Spin-trapping of free radicals formed during in vitro and in vivo metabolism of 3-methylindole

• Published in: The Journal of biological chemistry Vol. 259; no. 7; pp. 4447 - 4451
• Main Authors: Kubow, S, Janzen, E G, Bray, T M
• Format: Journal Article
• Language: English
• Published: Bethesda, MD Elsevier Inc 10.04.1984; American Society for Biochemistry and Molecular Biology
• Subjects: Analytical, structural and metabolic biochemistry; Animals; Biological and medical sciences; Cysteine - pharmacology; Cytochrome P-450 Enzyme System - metabolism; Electron Spin Resonance Spectroscopy; Free Radicals; Fundamental and applied biological sciences. Psychology; Glutathione - pharmacology; Goats; Indoles - metabolism; Kinetics; Lung - metabolism; Male; Microsomes - drug effects; Microsomes - metabolism; Mixed Function Oxygenases - metabolism; Non peptidic neurotransmitters, polyamines; Other biological molecules; Phenobarbital - pharmacology; Skatole - metabolism; Ultraviolet Rays; In vivo; Metabolite; Lung; Caprine; EPR spectrometry; Tryptophan; Microsome; Metabolism; In vitro; Spin trapping; Free radical
• ISSN: 0021-9258; 1083-351X
• DOI: 10.1016/S0021-9258(17)43067-5

Electron spin resonance spin-trapping techniques were used to investigate the in vitro and in vivo formation of free radicals during 3-methylindole (3MI) metabolism by goat lung. Utilizing the spin trap phenyl-t-butylnitrone, a nitrogen-centered free radical was detected 3 min after the addition of 3MI to an in vitro incubation system containing goat lung microsomes in the presence of NADPH and O2. The spectrum of the spin adduct was identical to that observed when 3MI was irradiated with ultraviolet light. A carbon-centered radical was also observed which increased in concentration with increasing incubation time.
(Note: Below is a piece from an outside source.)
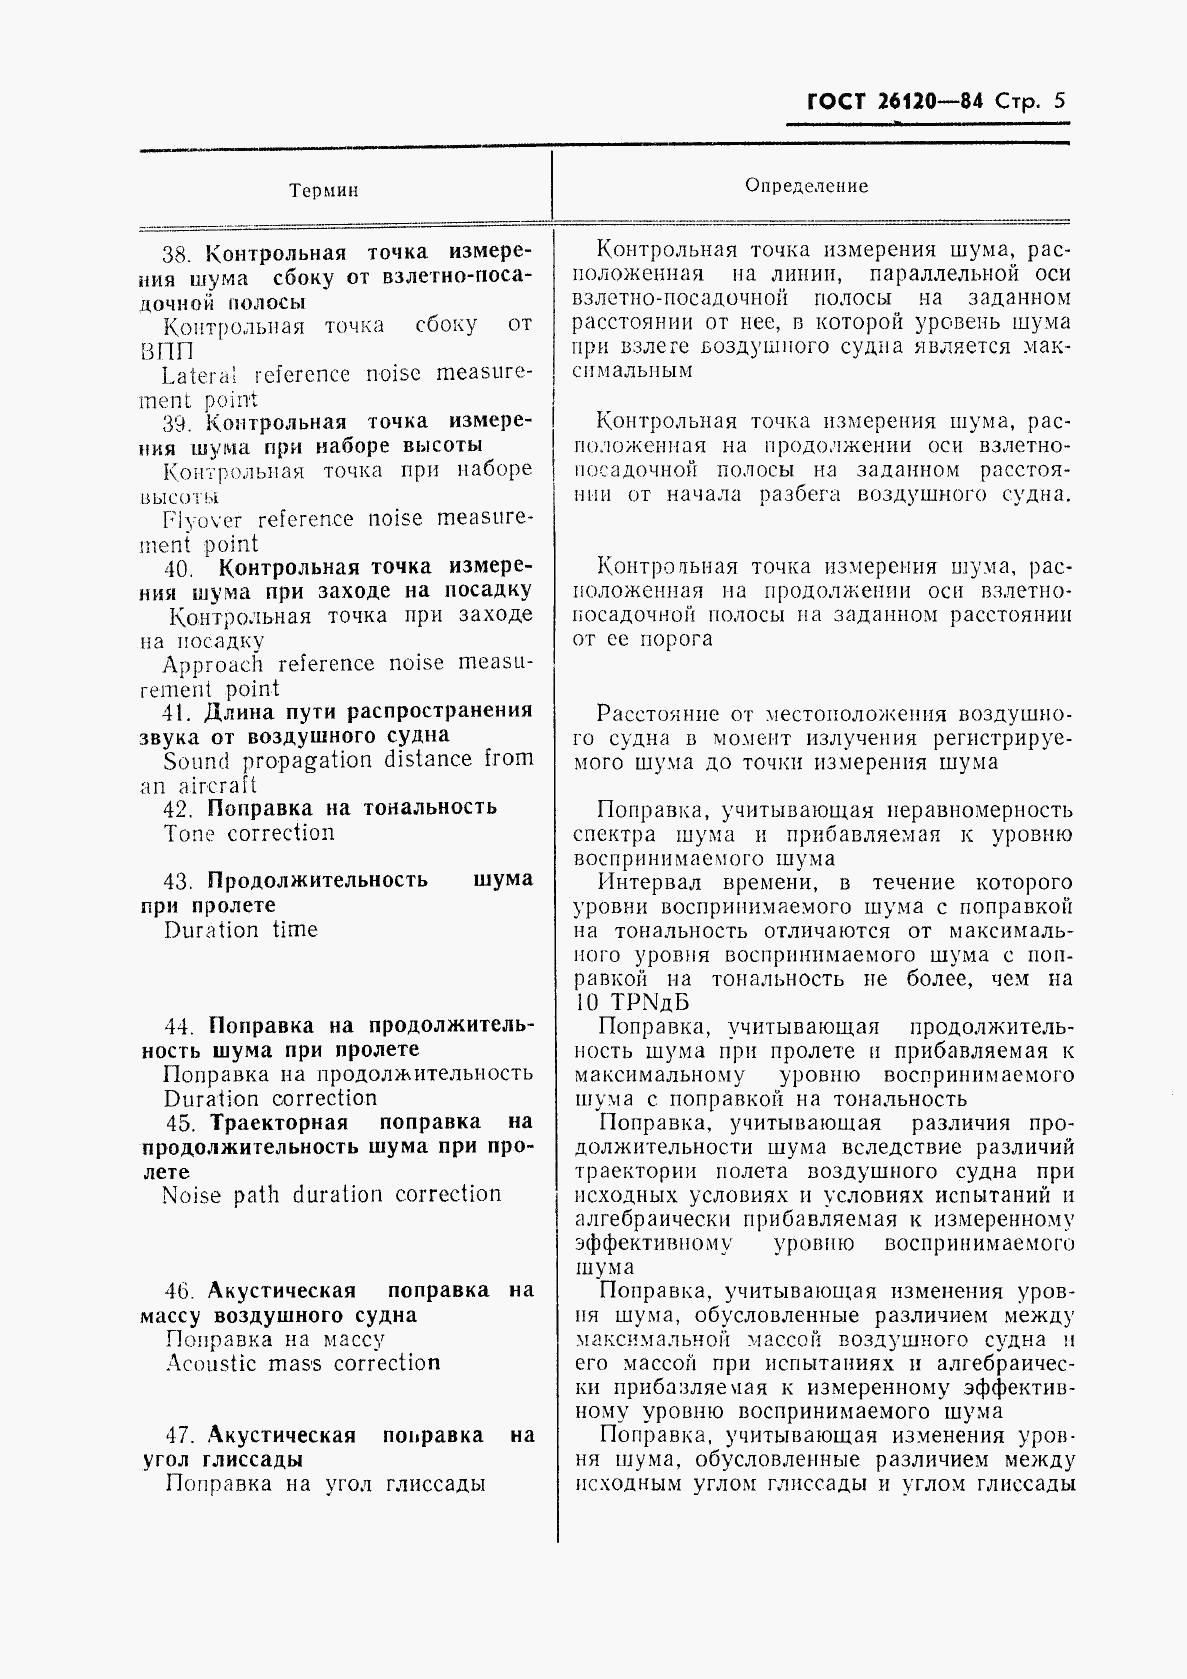 ГОСТ 26120-84, страница 6

Microsomal incubations containing ferrous sulfate in the absence of 3MI to initiate lipid peroxidation produced the same carbon-centered free radical as obtained by spin-trapping. Malondialdehyde, and end product of lipid peroxidation, was also found to increase in concentration with increasing incubation time of 3MI. The concept that 3MI causes lipid peroxidation in the lung was supported by the in vivo study in which a carbon-centered radical was spin-trapped by phenyl-t-butylnitrone in lungs of intact goats infused with 3MI. This carbon-centered radical had hyperfine splitting constants identical to those carbon-centered free radicals trapped in in vitro incubations of 3MI. These data demonstrate that microsomal metabolism of 3MI produces a nitrogen-centered radical from 3MI which initiates lipid peroxidation in vitro and in vivo causing the formation of carbon-centered radicals from microsomal membranes.